Idylls of the King Betrayal Quotes

How we cite our quotes: (Line)

Quote #1

‘Am I so bold, and could I so stand by, 

And see my dear lord wounded in the strife, 

Or maybe pierced to death before mien eyes, 

And yet not dare to tell him what I think, 

And how men slur him, saying all his force Is melted into mere effeminacy? 

O me, I fear that I am no true wife!’ 

(“Marriage of Geraint,” 102-108)

Enid finds it more difficult to tell Geraint about the rumors that he’s lost his mojo than to watch him be killed in battle. The slight to her husband’s good name—and the prospect of telling him about it—troubles her more than the thought of physical injury to him. Do these feelings constitute a betrayal of her wifely duty? Well, that depends: as Enid says, “I cannot love my lord and not his name” (92) since in a sense, his name, or reputation, is a part of him. On the other hand, whatever happened to unconditional love?

Quote #2

He heard but fragments of her later words,

and that she fear’d she was not a true wife.

And then he thought, ‘In spite of all my pains,

She is not faithful to me, and I see her

Weeping, for some gay knight in Arthur’s hall.’

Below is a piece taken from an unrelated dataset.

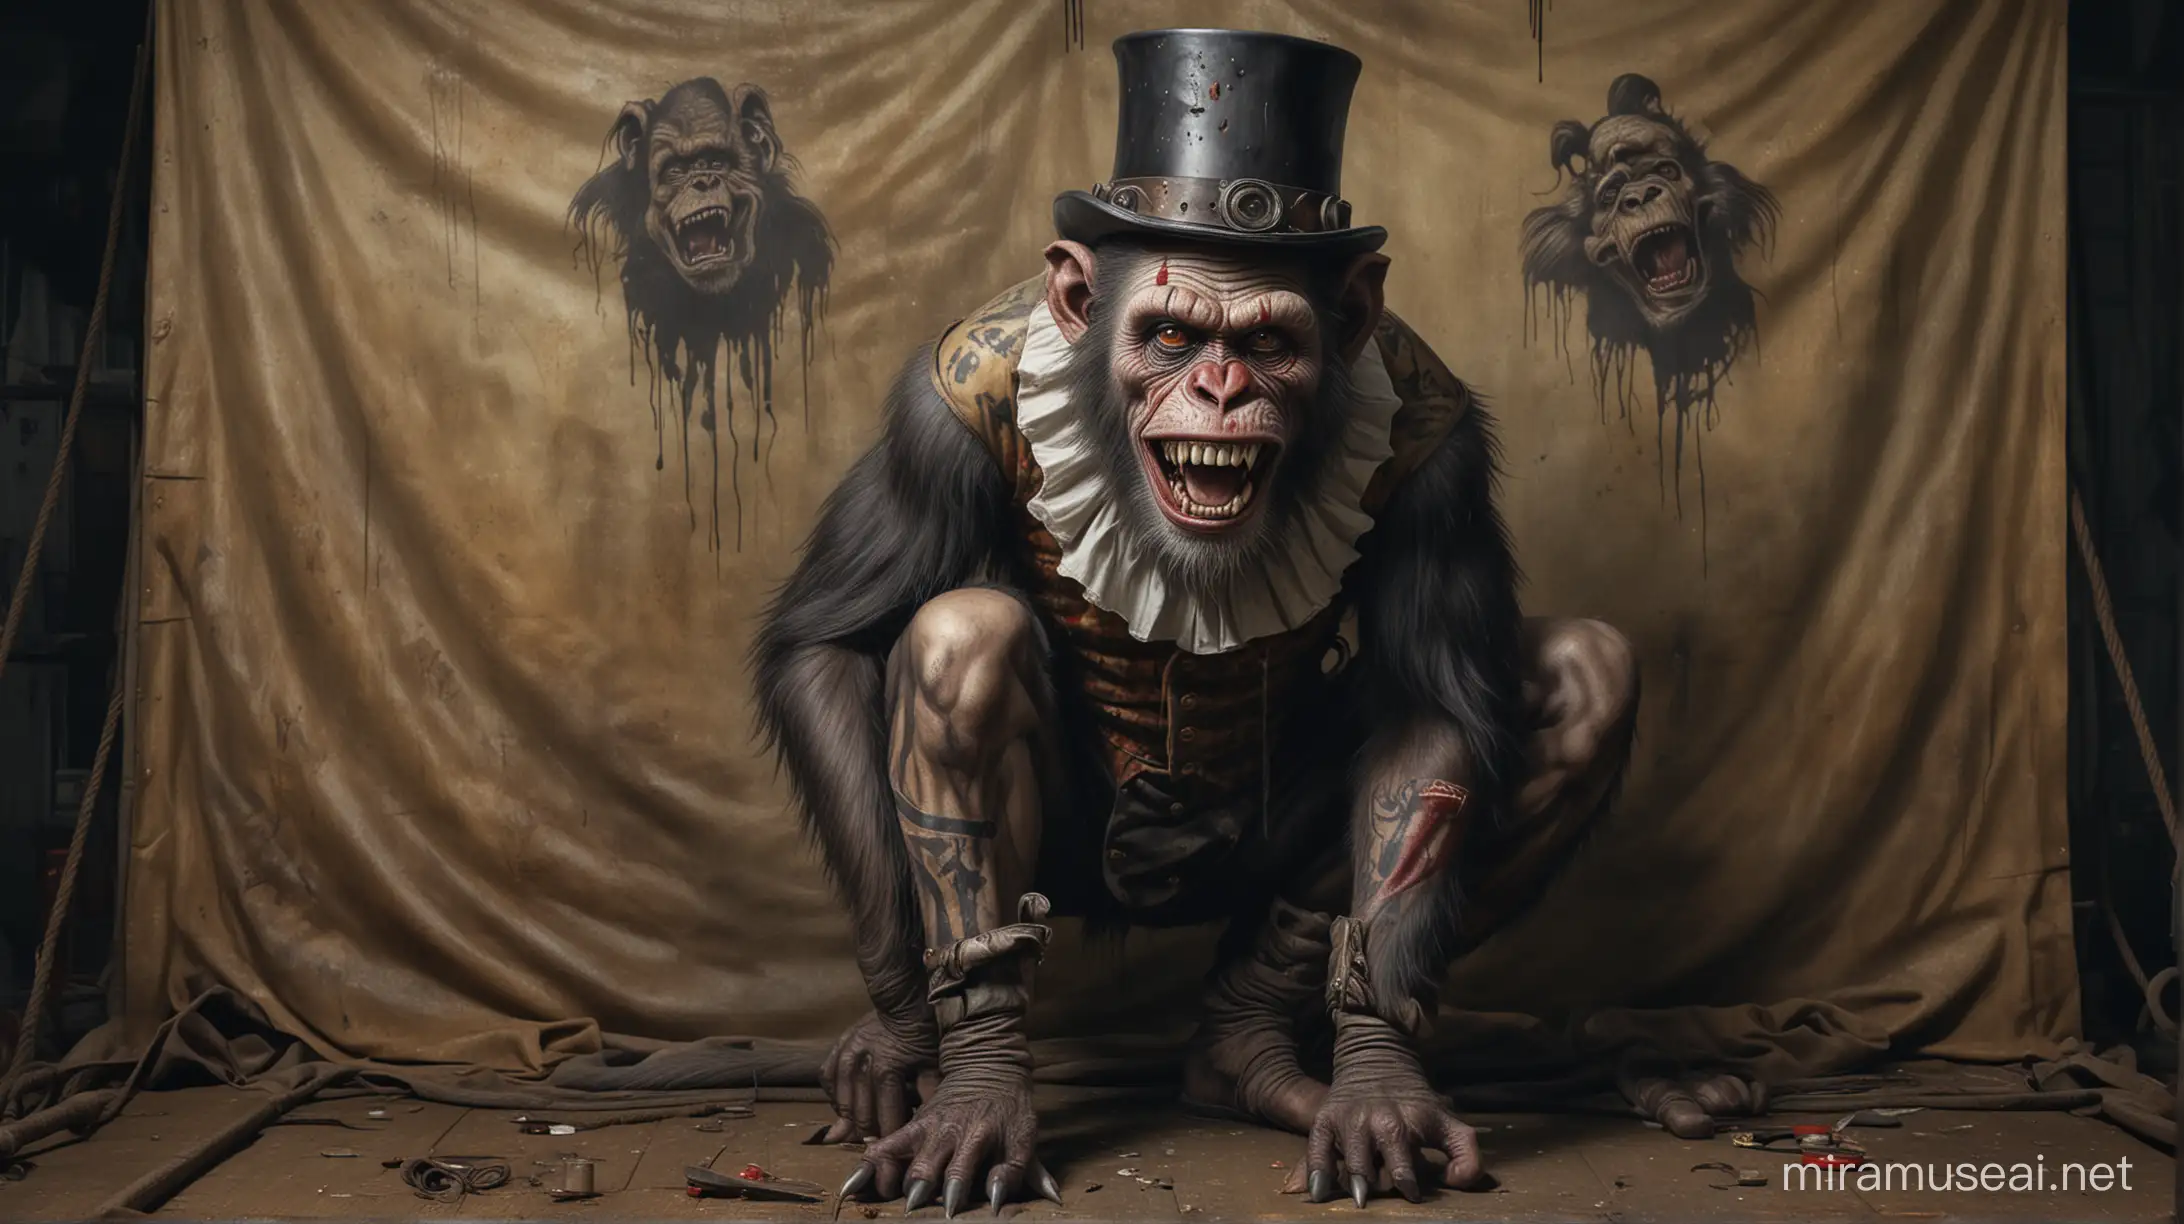 A photo realistic full body painting of a grotesque monkey with sharp teeth and bulging eyes, tattooed all over its body, wearing a tall top hat and clown shoes, dressed in ripped and stained clothing reminiscent of a dirty clown. In a turn of the century circus tent, The monkey is working intently on an old and rustic engine, with greasy hands and a focused expression. The scene is gritty and unsettling, with shadows casting an eerie ambiance at night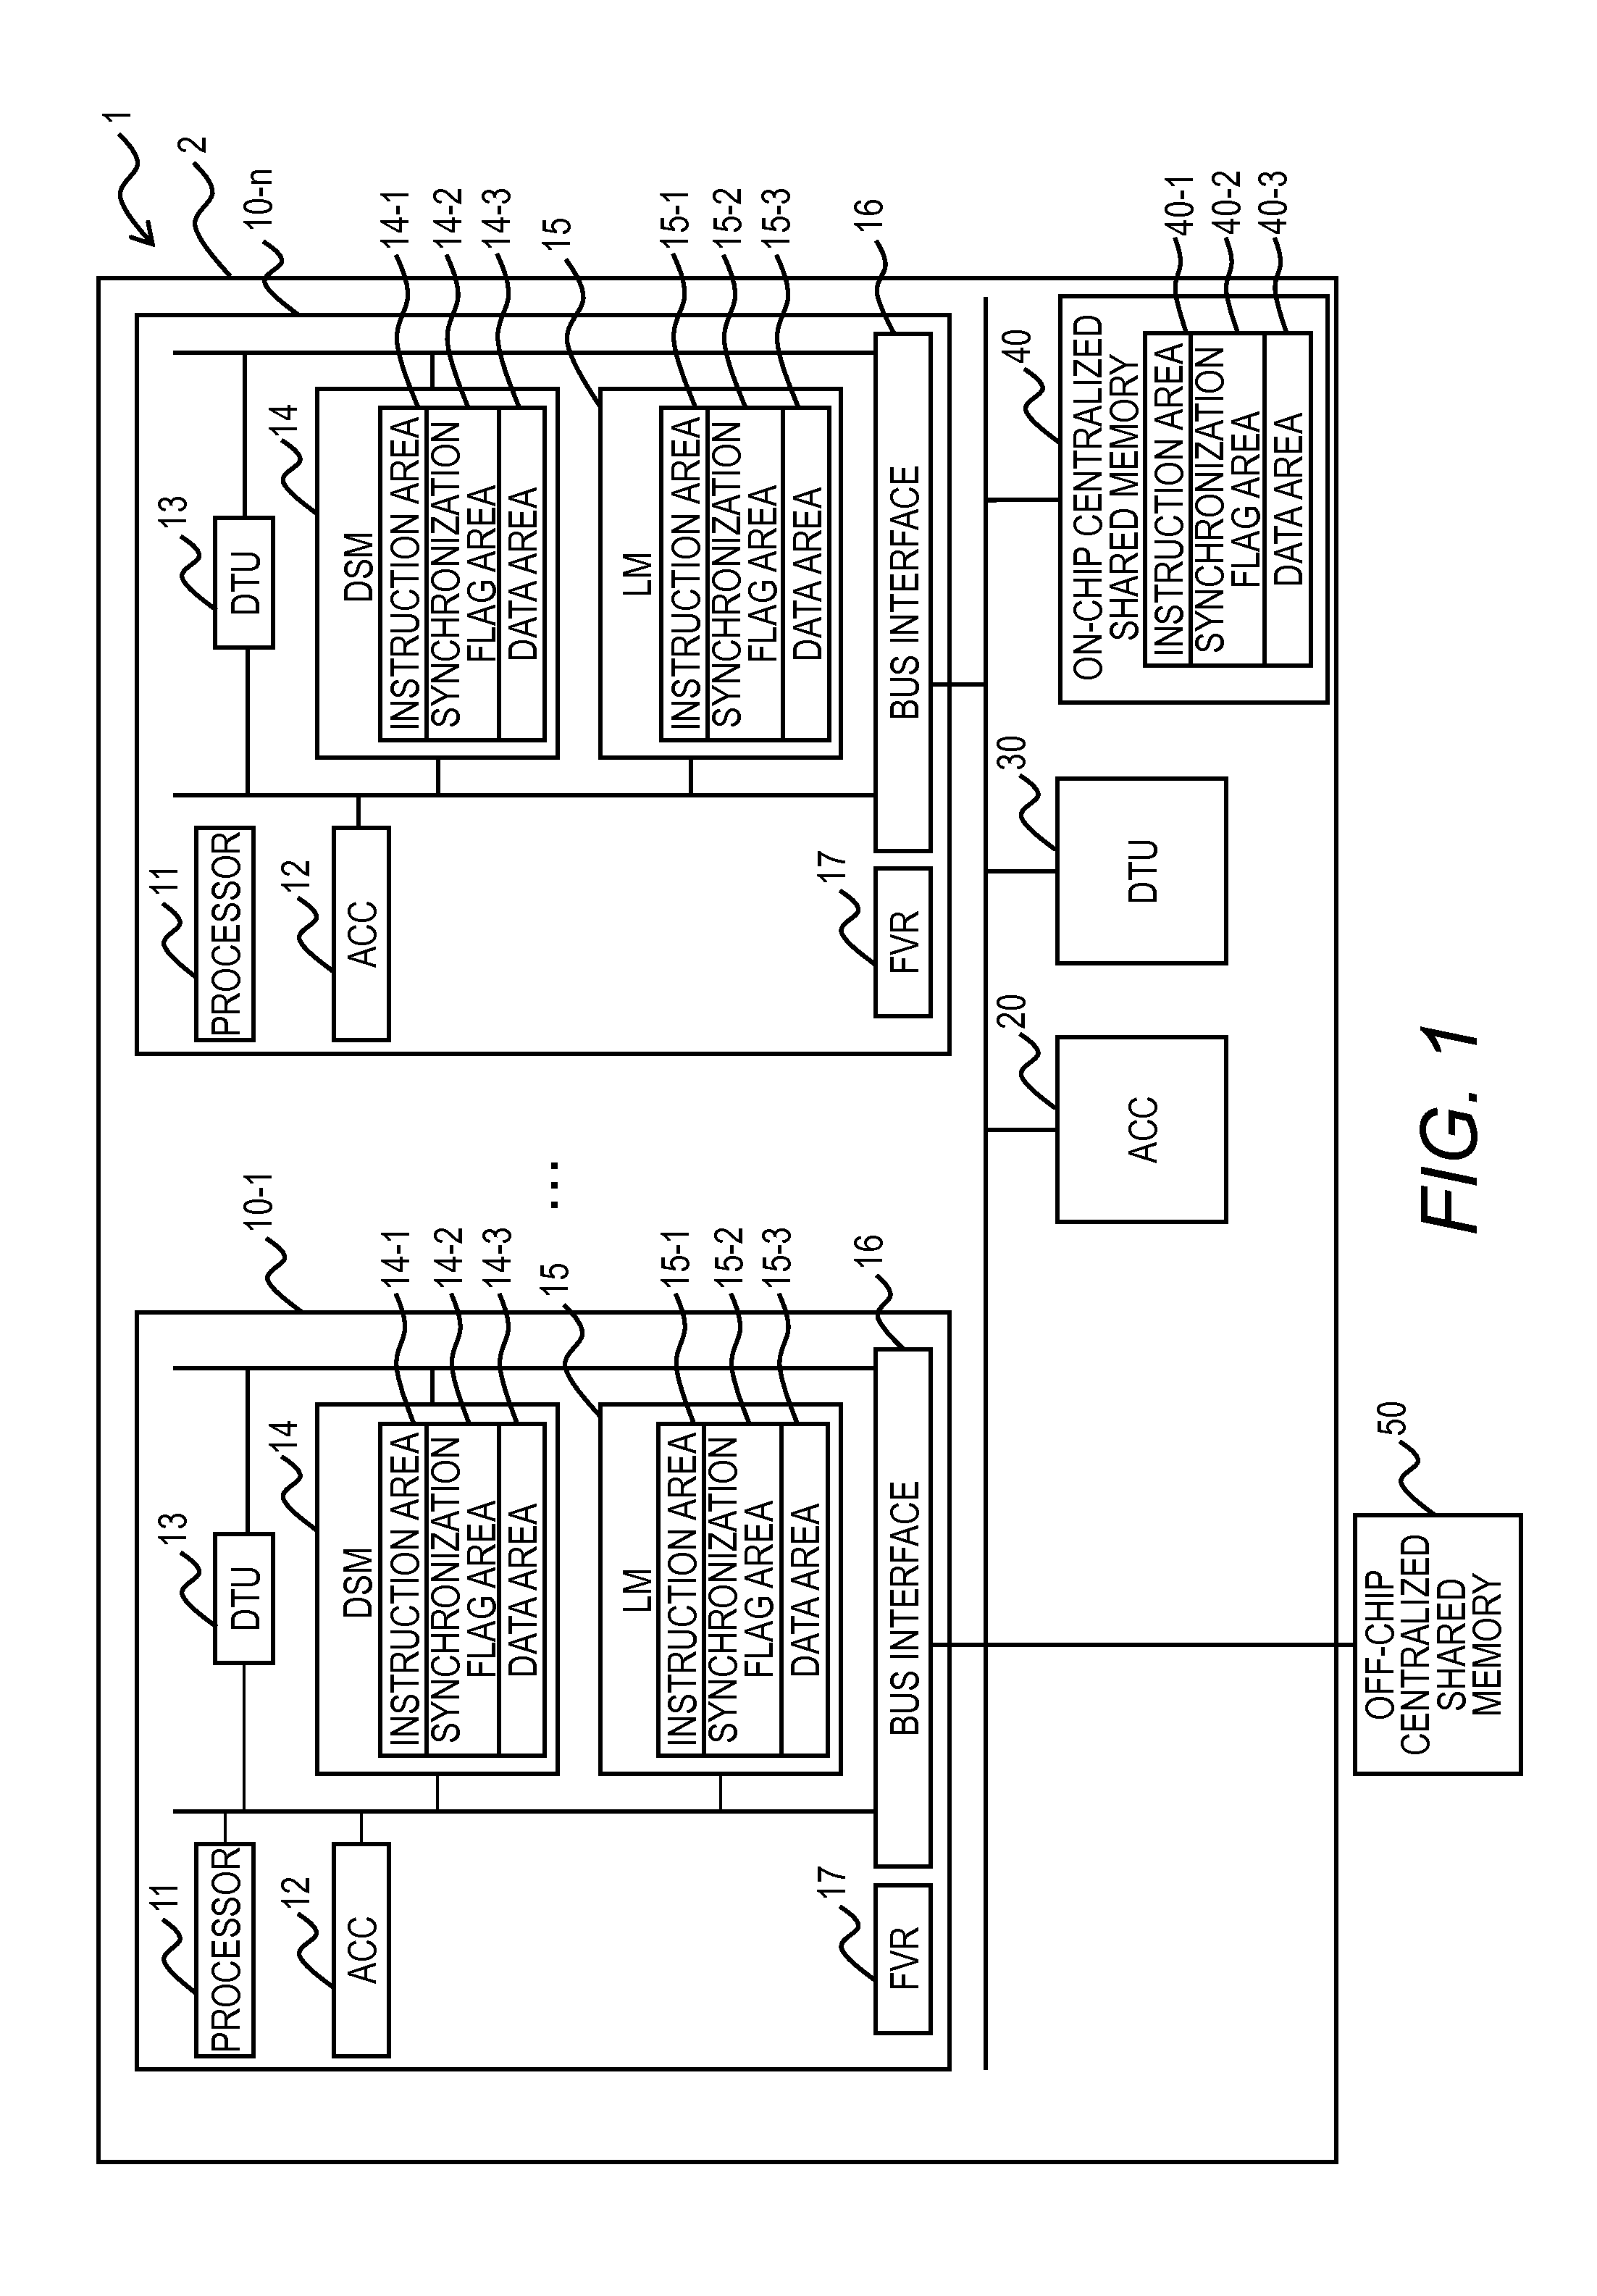 Processor system and accelerator

(“Geraint and Enid,” 113-118)

Geraint’s statement that “I see her weeping for some gay knight” acknowledges that Geraint’s view of Enid is just his perception of her. Enid’s fear that she is not a true wife matches up so well with Geraint’s fears about her that it morphs into one shared delusion.

Quote #3

‘The flower of all their vestal knighthood, knelt

In amorous homage—knelt—what else?—O, ay,

And mumbled that white hand whose ring’d caress

Had wander’d from her own King’s golden head,

And lost itself in darkness, till she cried—

I thought the great tower would crash down on both

“Rise, my sweet King, and kiss me on the lips,

Thou art my King.”

(“Balin and Balan,” 501-509)

Vivien’s story about Guinevere’s betrayal of Arthur with Lancelot isn’t true, but—just like Enid’s unnecessary remorse and weeping before Geraint—it confirms the worst of Balin’s fears. It shapes his perception of the encounter he witnessed between Lancelot and Guinevere in the garden. The word “darkness” might refer to both the darkness of Lancelot’s hair (in contrast to the fair Arthur) and a moral darkness, wedding Guinevere’s physical sin to her spiritual one. Her declaration of Lancelot as her “king” emphasizes how her private love has political consequences.